Charles Weidman (1901-1975)I was part of a class he taught in kinetic pantomime at the American Dance Festival at Connecticut College in 1960.  He staged a demonstration that we performed in a Festival program.  It was during one of his rehearsals that Martha Hill, the chairman of the dance department of Juilliard, saw me rehearsing and remembered me from an audition I had taken for Juilliard about six weeks before. She found me after class and asked me to reaudition.  I hadn’t made that first audition, but she felt I now would get into the school.

Photo from Connecticut College, 1960, of the Charles Weidman piece I was in. I am the dancer on the left. I do not know who the other two dancers are.

Martha Hill  (1900- 1995) – I mentioned in the last paragraph that she encouraged me to reaudition for Juilliard, which I did about a year later.  While I didn’t have a lot of direct contact with her while I was at Juilliard, the program that she developed at Juilliard and my two years as a student there shaped me as an artist.  The tools and ability to focus on my “art” carried over from dance to painting and filmmaking. I have tremendous respect for the role she played in the development of dance education in colleges.  Elizabeth McPherson has written an excellent book about her, and here is a link to a blog I wrote about the book.

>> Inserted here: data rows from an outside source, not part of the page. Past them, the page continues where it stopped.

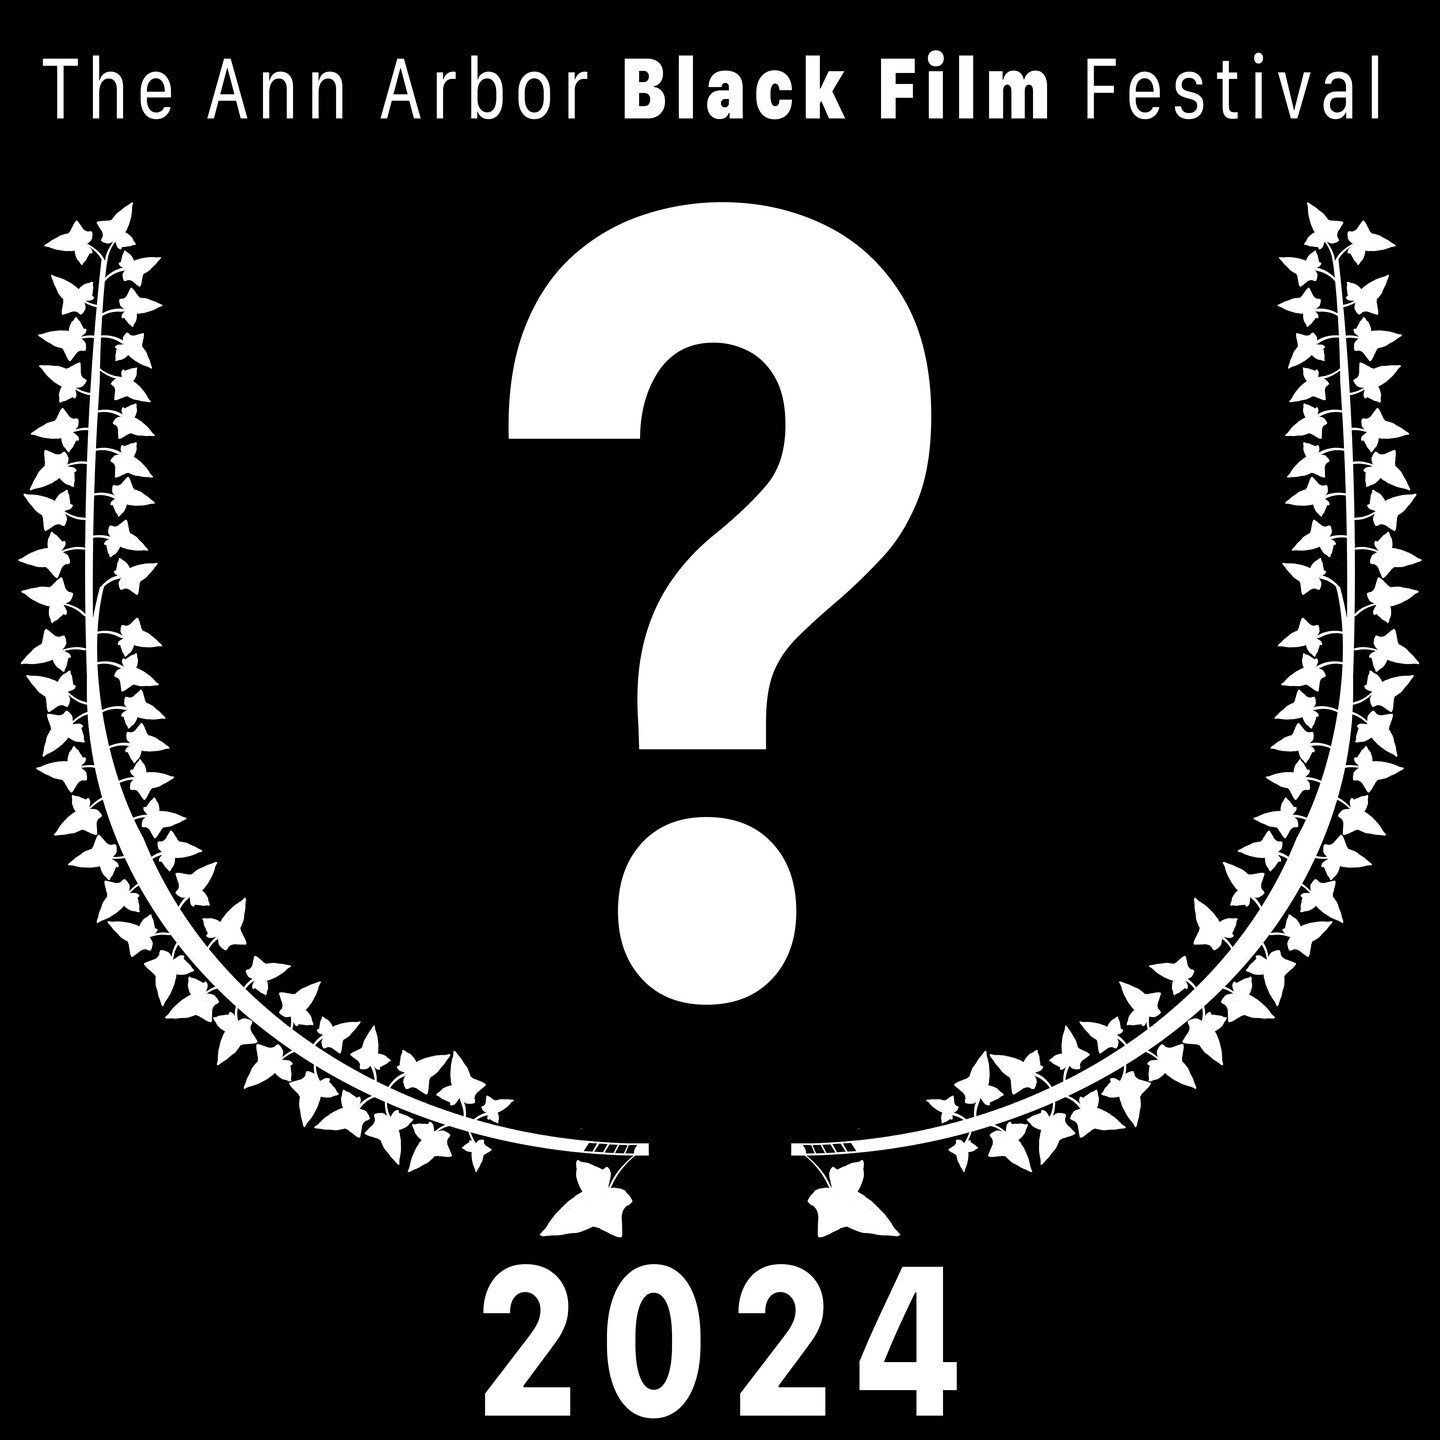 It&rsquo;s Notification Day!

Your films are TOO GOOD!

We are working hard to pick the best lineup for our show on June 1st!

Stay tuned:

We will have our decision by Midnight PST.

(Yep, California time.)

#AnnArbor 
#a2bff

 Louis Horst (1884 – 1964) – I took my first of three composition classes from him in the summer of 1961, at Connecticut College.  In Pre-Classic Dance Forms, he encouraged me to continue with him, even though I wasn’t yet a student at Juilliard. I did so (as a special student), continuing to take his second-year course, Modern Forms.  By mid-semester I had become a full-time student at Juilliard.  The following year I took his third and final formal course, Group Forms.  I loved his classes.  His demanding insistence that we follow the clear form of different musical dances instilled a discipline and focus on how I used movement in dance pieces. His second-year course began a long appreciation of art and how much we can learn from different periods of art history.  A good example of how this later influenced me can be found in how I used a painting as a basis for I Never Saw Another Butterfly. Here’s a link to a blog where I go into detail about this.  Last fall, Nancy Bannon was here on an artist residency working on a play about Louis Horst and Martha Graham, and I learned lots of interesting things about Louis’s life.  She shared with me a wonderful book by Janet Soares about Louis that I look forward to reviewing in an upcoming blog.

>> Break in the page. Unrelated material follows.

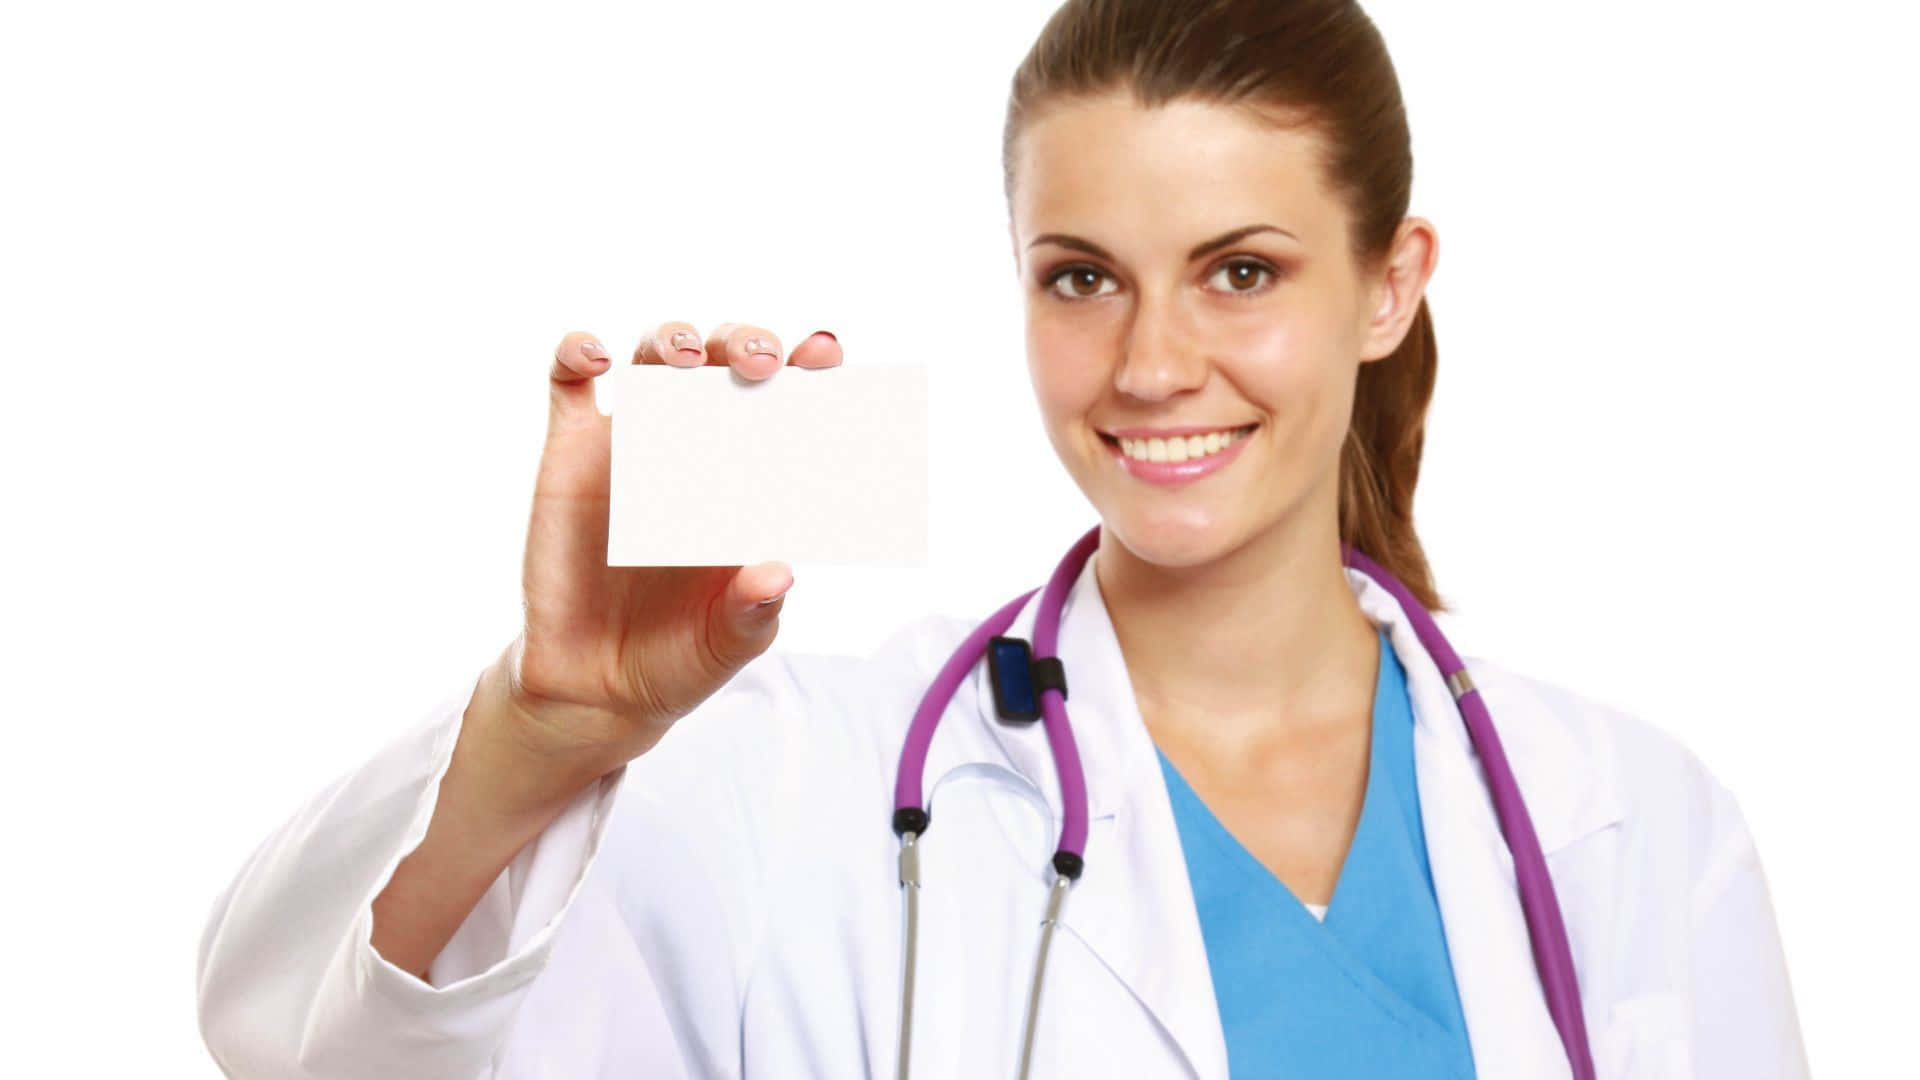 A Female Doctor Holding Up A Blank Card

There are two pioneers from the period that I didn’t get to study with directly although I did study with their disciples.

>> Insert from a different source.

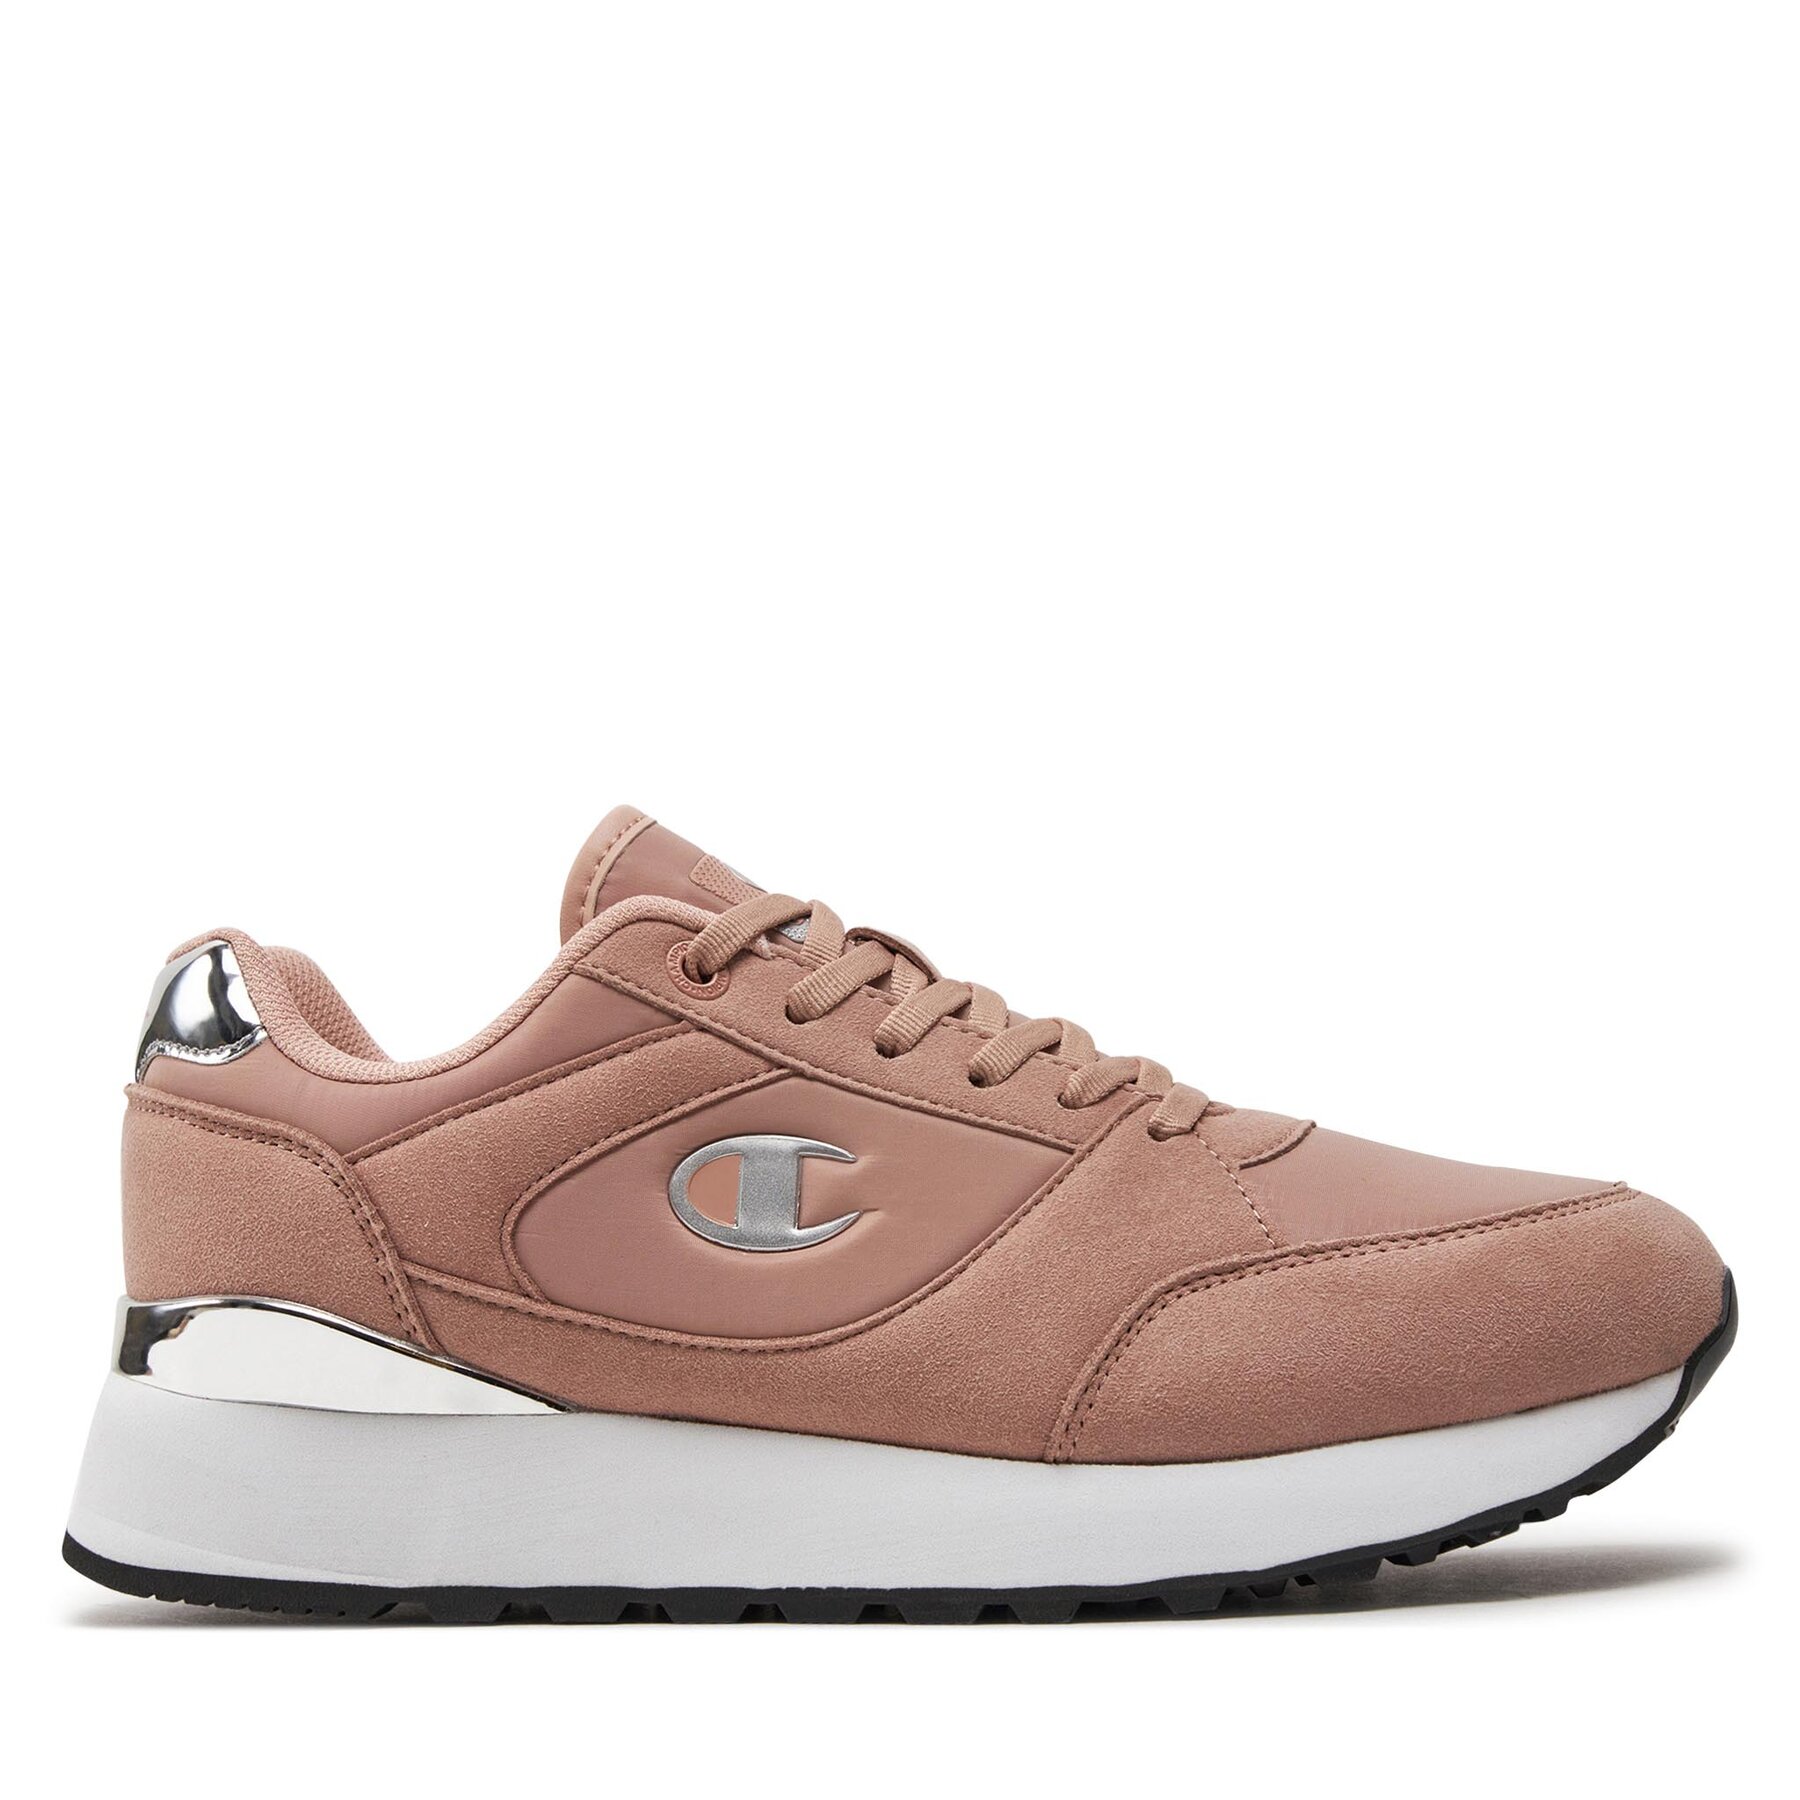 Sneakers Champion Rr Champ Plat Ny Low Cut Shoe S11685-CHA-PS127 Dusty Rose von Champion

Doris Humphrey (1895 -1958)  – Her name is associated with Charles Weidman (they formed together The Humphrey-Weidman Company) and with Jose Limon (she mentored him when he was her student, and when she retired from her own company, she became Artistic Director of his Limon Company).  I took classes in Limon technique at Juilliard and sometimes had a class directly from Limon.  Although I wasn’t fond of the technique, I loved Limon’s choreography as well as pieces that I saw of Humphrey’s.  In particular, Humphrey’s Water Study (1928), The Shakers (1931), and Passacaglia (to Bach’s Music) are among my favorites.  Passacaglia was revived at Juilliard during the time I was there.  I am so glad that I got to see Jose dance in The Moor’s Pavane along with Betty Jones, Lucas Hoving and Pauline Koner.  Some of his other pieces that have created a lasting memory are There Is a Time and Missa Brevis.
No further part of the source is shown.